In March 1898, Bly filed for a modification of a divorce decree in White Plains, New York. Kate Devino was named as a co-defendant in the divorce proceedings. However, Witthaus claimed there was a prior divorce ruling for abandonment, but that Bly had prevented the divorce absolute. Bly lost the case; the judge ruled she had filed for an amendment to increase her alimony, which was $2,000 a year.

In March 1901, Bly once again went to court, this time asking for their divorce decree to be vacated. This time, she claimed the original divorce had involved fraud and that Witthaus had caused her mental illness with poisons. She also claimed that her prior lawyer had been in collusion with her husband's attorney. She filed in Westchester County, New York with hopes of a quicker resolution and limited newspaper coverage. Witthaus's counsel responded that his client had sold real estate, splitting the proceeds with his ex-wife. However, Bly had taken and cashed Witthaus' insurance policies. In addition, her medications prescribed by her husband had been tested and were safe. At the time of this court case, Bly was living with another man at the Waldorf Astoria Hotel.

=== Clubs and collections ===
Witthaus had a collection of art, including tapestries, porcelain, and statues. He also owned a manuscript that included Izaak Walton's The Compleat Angler, works of Rudyard Kipling, and a many manuscripts by Robert Louis Stevenson.

He was a member of the American Yacht Club, the Lotos Club, the Reform Club, the St. Anthony Club of New York, and the University Club of New York. He was also a member of the American Museum of Natural History.

=== Death and will ===
In 1915, he died at his home at 2039 Broadway in New York City at the age of 69.

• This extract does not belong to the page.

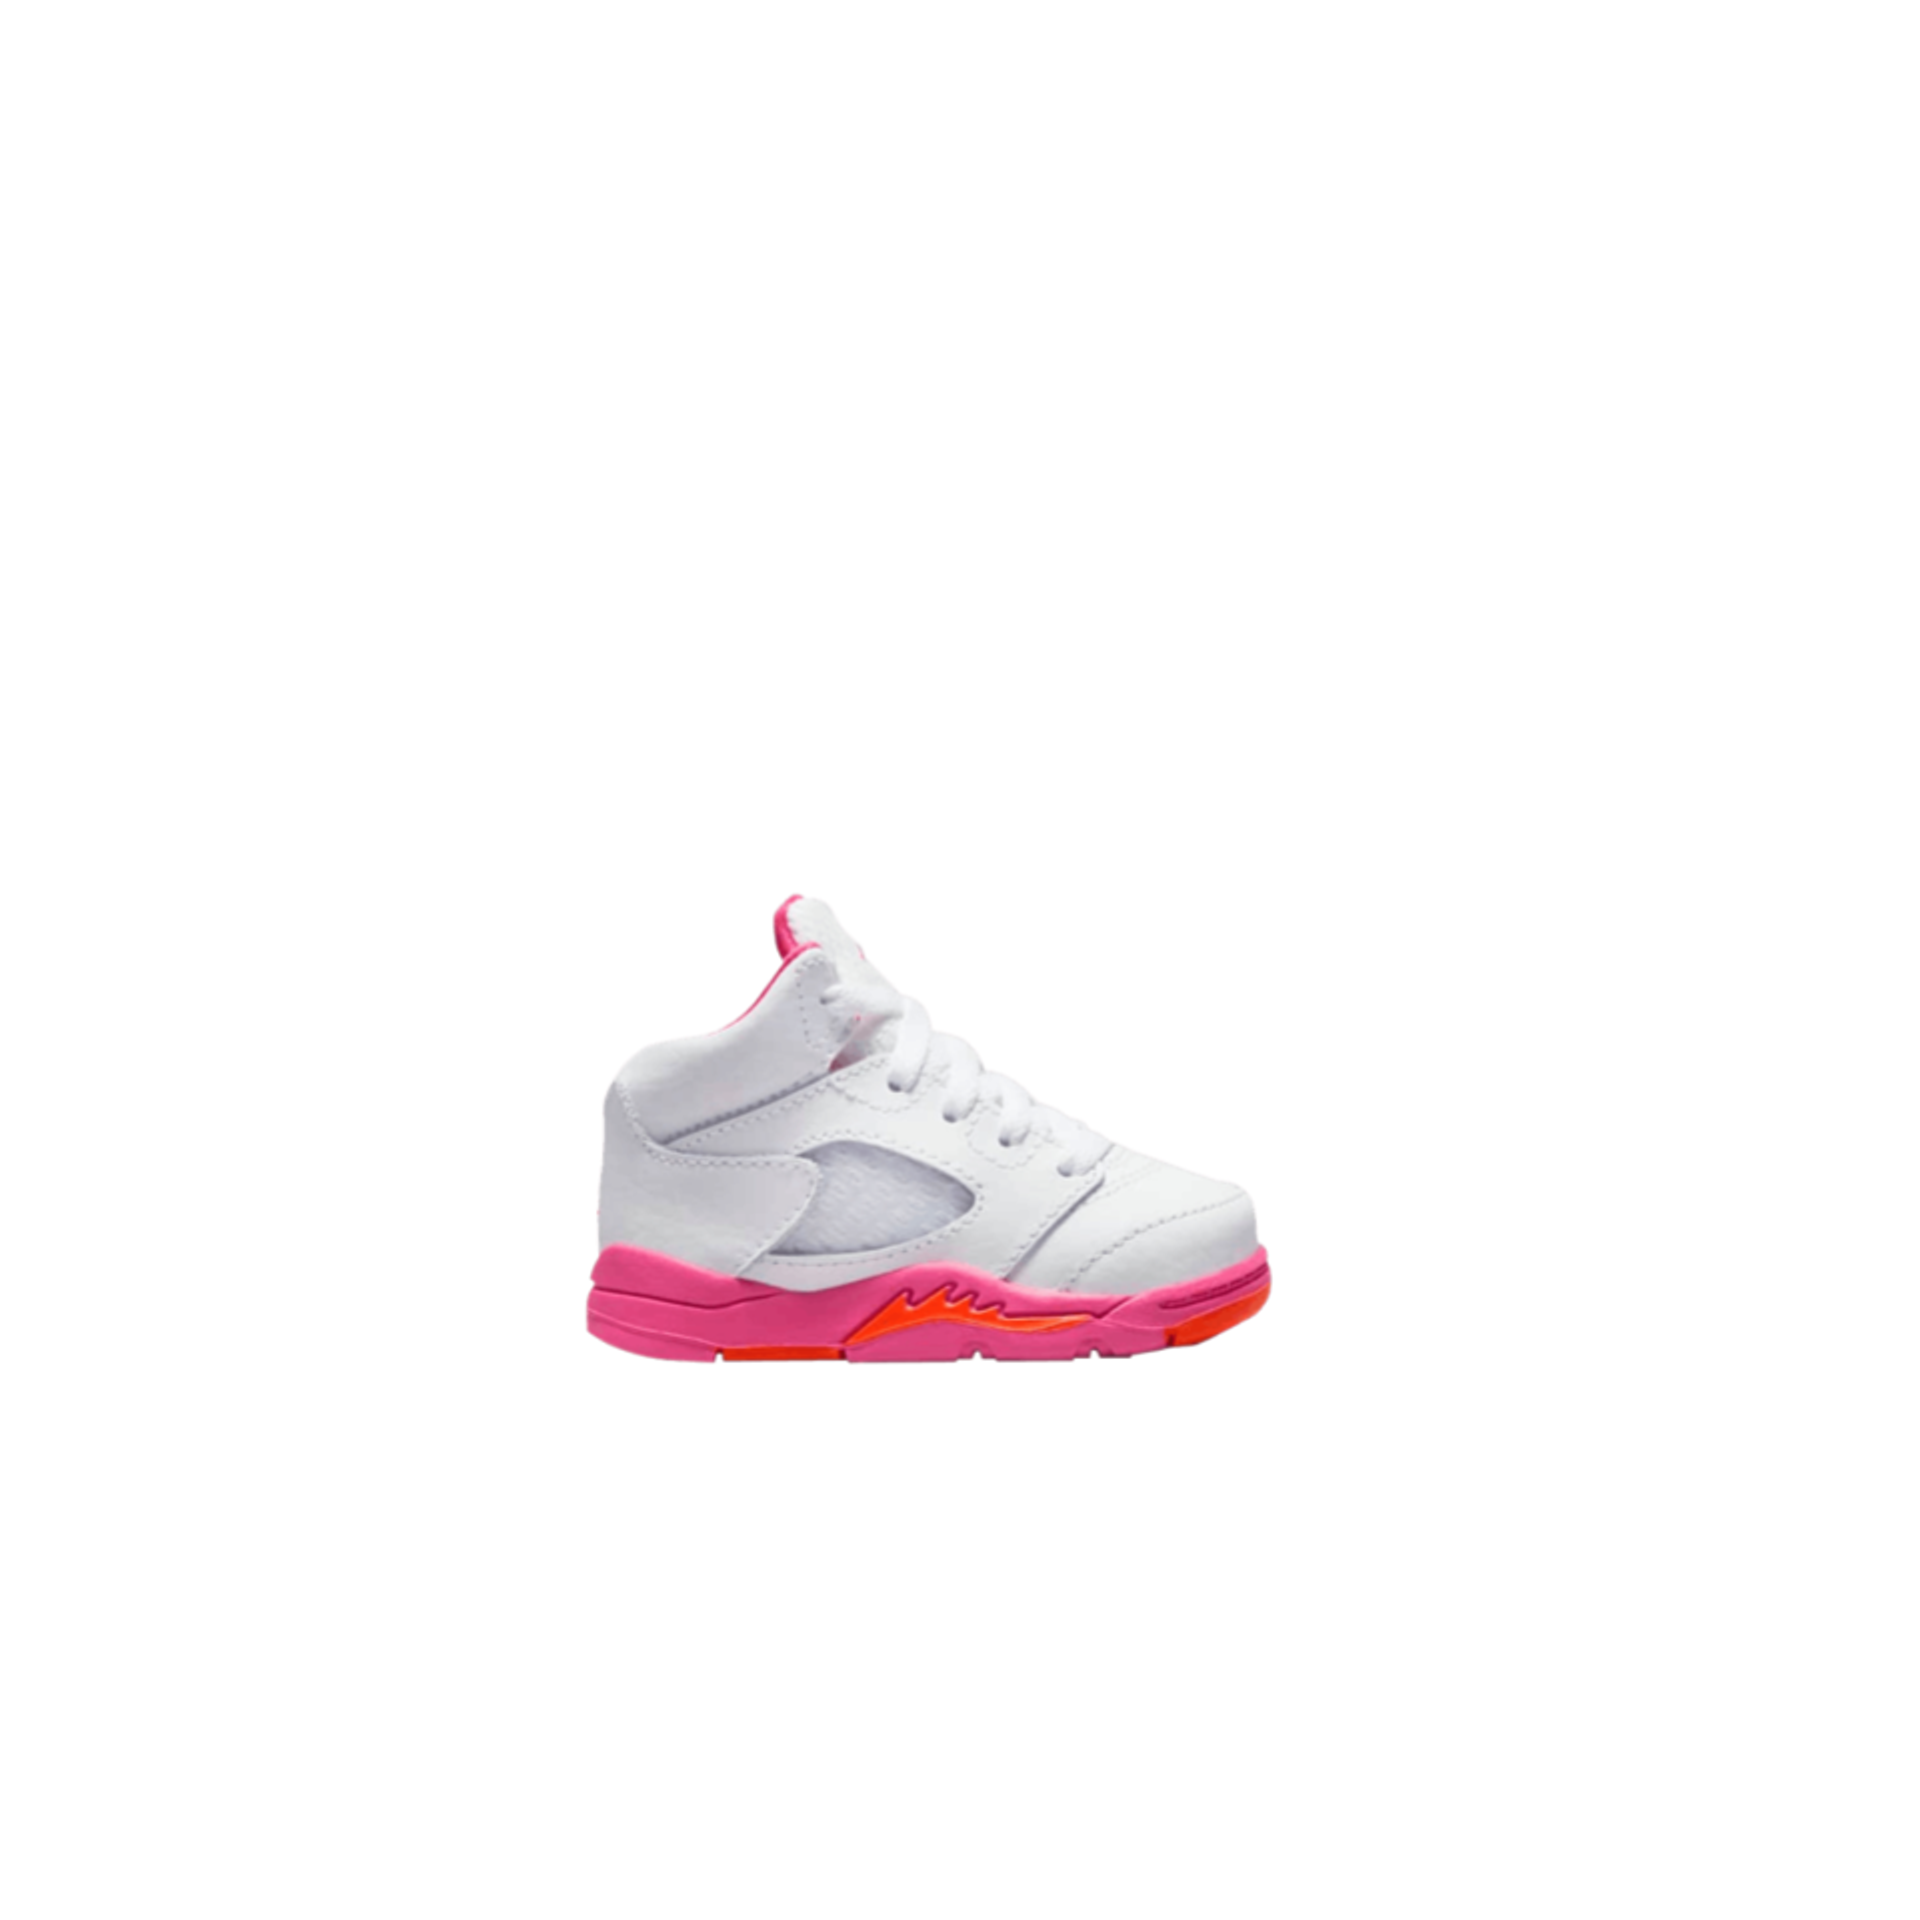 Air Jordan 5 Retro TD 'Pinksicle'
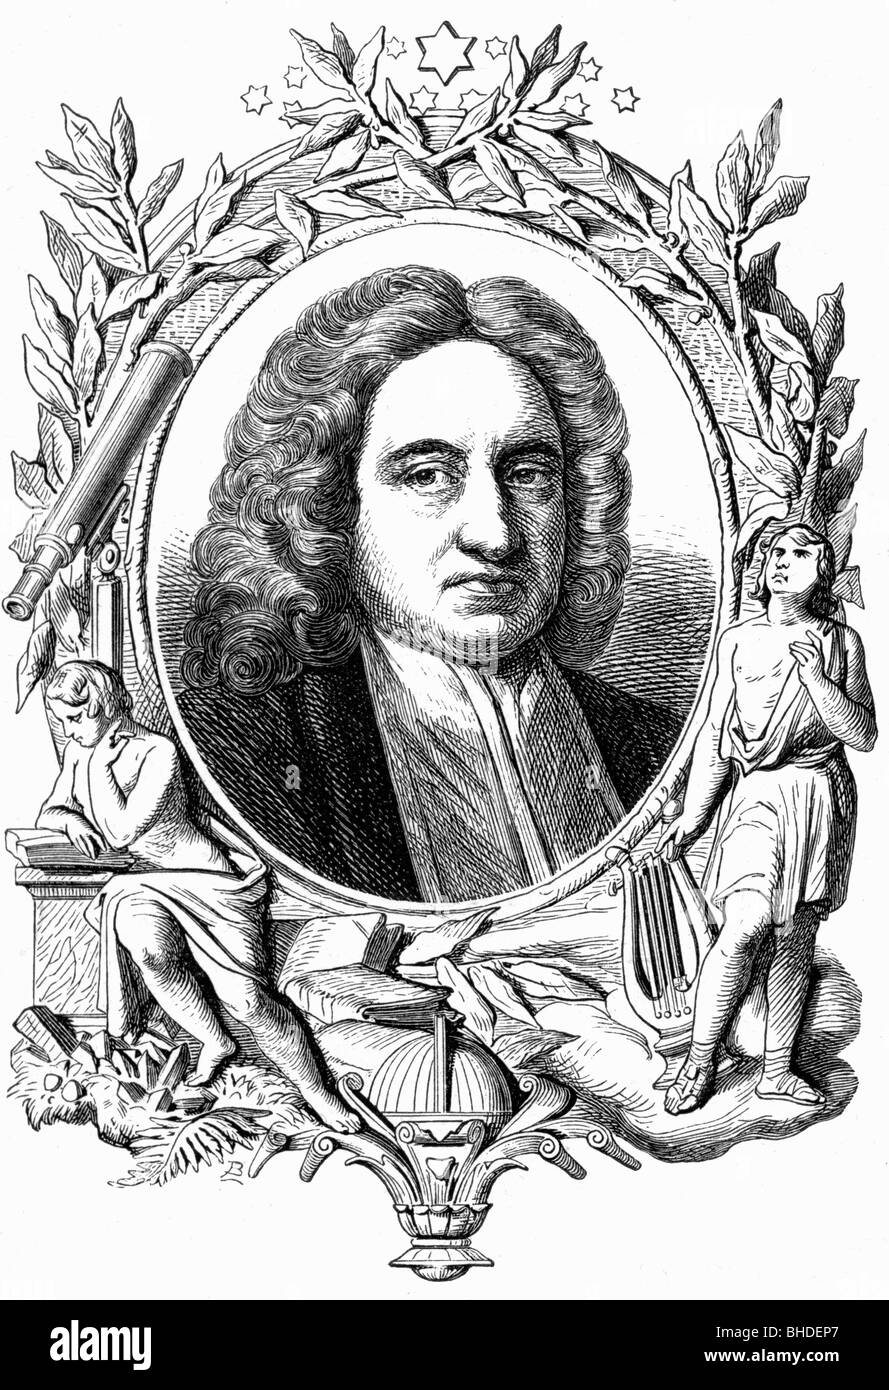 Halley, Edmund, 29.10.1656 - 14.1.1742, astronome anglais, portrait, illustration allégorique, XIXe siècle, Banque D'Images

After his death, his brother Guy Witthaus, niece Emily Mommer, and nephew Fred E. Mommer contested his will, claiming Jennie Cowan, with whom he lived, had gotten him drunk at the Sherman Square Hotel before he wrote the will. In addition, his relatives claimed that Witthaus was "in his dotage" and had mental and memory impairments. Cowan inherited $20,000 in cash, property worth $31,712, stock and bonds worth $47,699, and a painting by Fagani. However, at the time Witthaus wrote his will, Cowan was also married and living with Robert Shore—without the knowledge of Witthaus. Her actual name was Jennie Shore.

Witthaus also made a bequest to the New York Academy of Medicine. His estate was appraised at $228,473 after it was discovered that many of his high-value art items were copies. However, the Robert Louis Stevenson manuscript collection was appraised at $31,461, and the Rudyard Kipling manuscript for $4,101.